# Pearl Millet Hay Patch



## Texasmark (Dec 20, 2011)

It's done. Read all the literature that I could find to come up with the correct grass to grow in my hay patch this summer, under current environmental conditions here and PM won.

Not only did I choose it, but I am going to town today to pick up the seed at the local Co-Op.....that is in itself is a big deal....getting the seed you choose to use, not what the local suppliers feel like selling. I had been looking at some brown rib Sorghum and couldn't find a supplier. The closest supplier (wholesale seed dealer) which was supposed to service this region decided not to stock it due to it's high price....figured it would be hard to sell.

Sooooo what I need to know is how do I manage the patch of PM? We are forecast to have a dry summer again. I am planting on high, flat, ground in Houston Black Clay, which is a heavy clay and retains moisture very well.

I currently have the field plowed and prepared seedbed down to about 6" and we have had at least 6" of ground penetrating moisture the last couple of months and all of it has been captured...so even if the summer is dry, there is/will be sub-soil moisture. Course spring usually brings moisture that usually dries up in June, if it's going to be a dry year so I am hoping that there is more to come.

I read up on harvesting heights for best regrowth and seems like the cutter will be running really high (8") which in uncommon to the local custom hay balers and can impede the ability to rake up and get the crop bailed and off the patch. Plus, if you cut at 24" growth to get it in pre-boot for quality, you aren't talking about that much yield....like you leave 1/3 the plant standing.

I don't know if it would be best to do a one shot all out cutting, or fool around with trying to do the first one right so as to get a second cutting. With hay running $100 for a 4x6 roll down here, I can pay for soil prop, seed, fert, and custom baling with a $50 bill and come out with some really nice, palatable hay at half the price I would have to pay for who knows what?

So, on paper, it doesn't seem to me that only getting one good cutting will be a problem especially with the yields PM, grown correctly apparently makes. Additionally, any moisture I get will be associated with the first cutting so regrowth might not turn out all that great if in another drought.

After the one cutting, I could let it regrow a bit and just turn the cows in on it. With no prussic acid worry and using sulphate rather than nitrate fertilizers, I won't have to worry about nitrate poisoning either.

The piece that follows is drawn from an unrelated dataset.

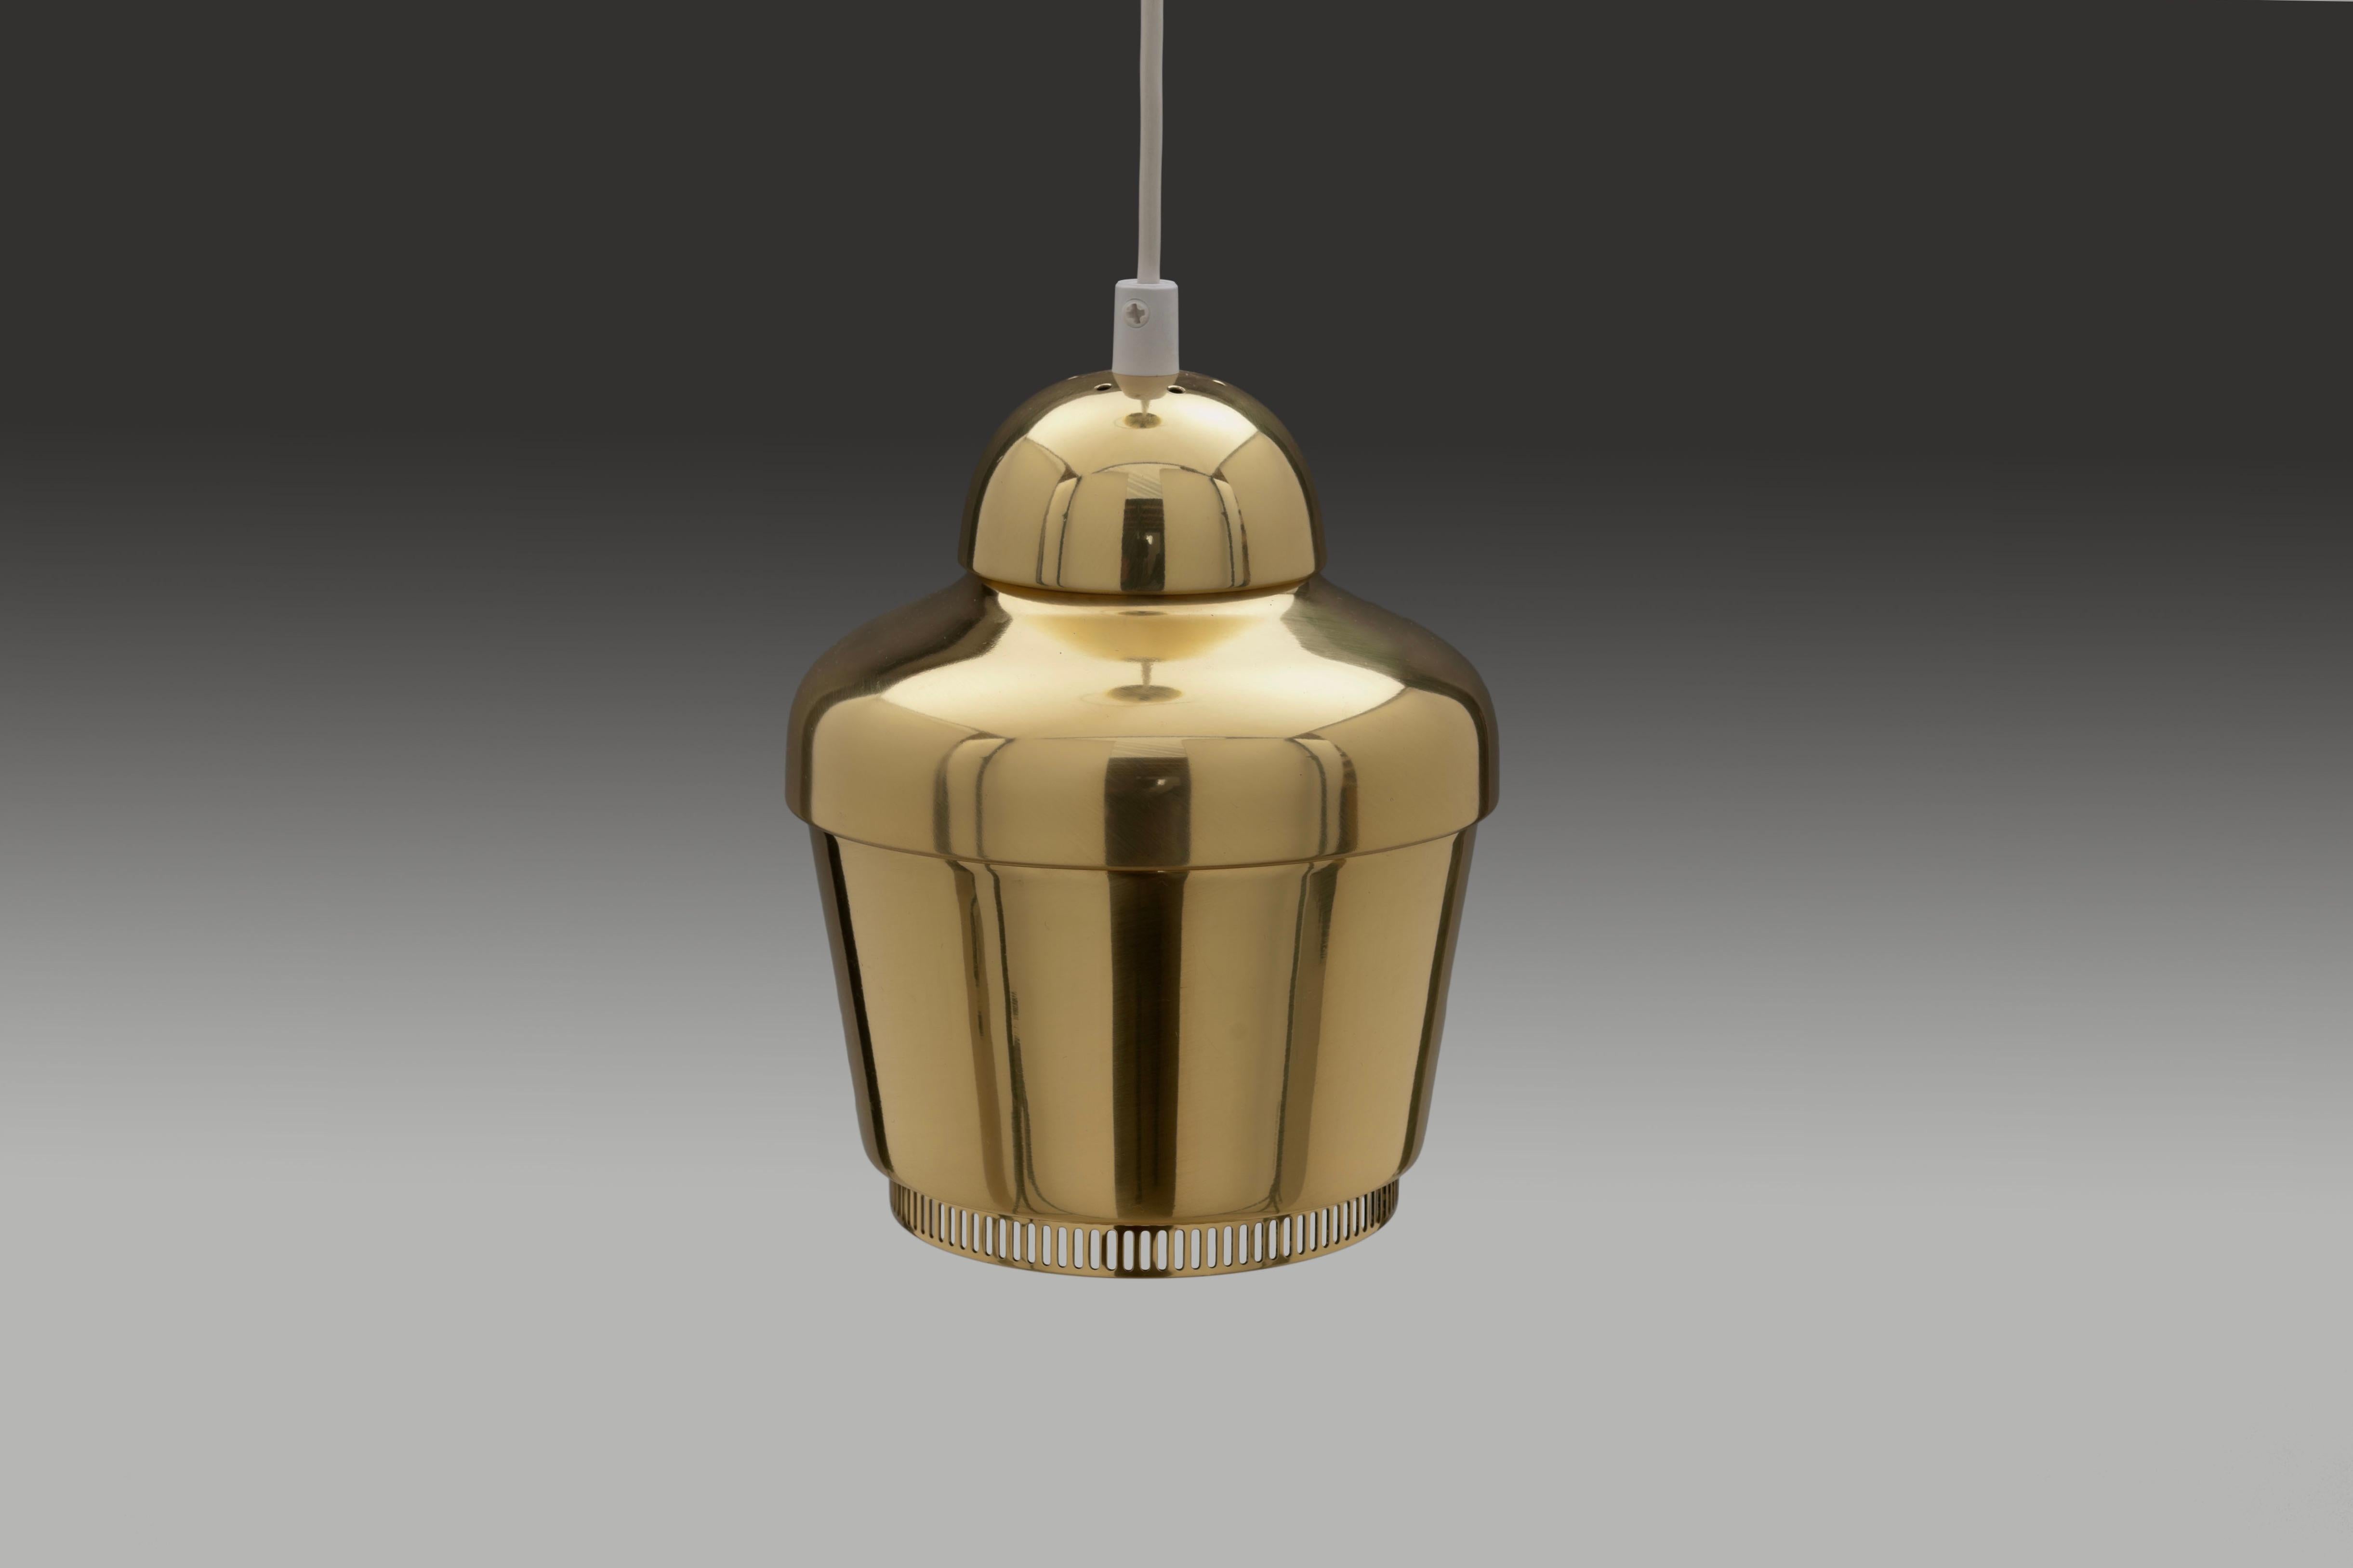 Brass 'Kultakello' Model A 330 'Golden Bell' Pendant by Alvar Aalto, Finland 2

Your input is greatly appreciated.

Thanks,
Mark


----------



## Mike120 (May 4, 2009)

The main problem I see with your plan is that you are assuming the drought will repeat itself and the high hay prices will continue. My feeling is that the current prices are unsustainable. Either there will be a higher livestock sell off or people will bring in more alfalfa. Either way, high priced cow hay is not a sure thing. I wish you luck, but at the same time, I hope you are wrong.


----------



## Texasmark (Dec 20, 2011)

Mike120 said:


> The main problem I see with your plan is that you are assuming the drought will repeat itself and the high hay prices will continue. My feeling is that the current prices are unsustainable. Either there will be a higher livestock sell off or people will bring in more alfalfa. Either way, high priced cow hay is not a sure thing. I wish you luck, but at the same time, I hope you are wrong.


Thanks Mike.

The fertilizer and seed are here and paid for, as is the diesel to do the job. The seed is ET -300 Hybrid Pearl Millet from East Texas Seed Co. in Tyler. My local (25mi) Co-op buys from them so any special order in the future should be no problem. I was looking at their product list this AM and they have just about any seed a guy could wish for......and here I was galavanting all over the www looking for some seed. Ha!

The seed was $35/bag and seeds at 25-30#/A. Were I to do Sorghum x Hybrid Sudan, which is usually available and planted around here, It may be the same price. It was $22/bag several years ago when I planted my last field of it. Surely it has risen with everything else. Application rate on it is 50/A...for a good stand.

I usually did sorghum hay to get the sweet stems that cows prefer but waste was always a big problem. I am not a guy that does this for a living and has to wait until all the hay is cleaned up....can't stand the bawling and eye rolling anyway. Ha! Cows would dig into the bale and come out with a big mouthful with hay 6-10" out both sides of their mouths and drop everything that wasn't in their mouths to the ground....step and pee on it and that's the end of that, as you surely well know.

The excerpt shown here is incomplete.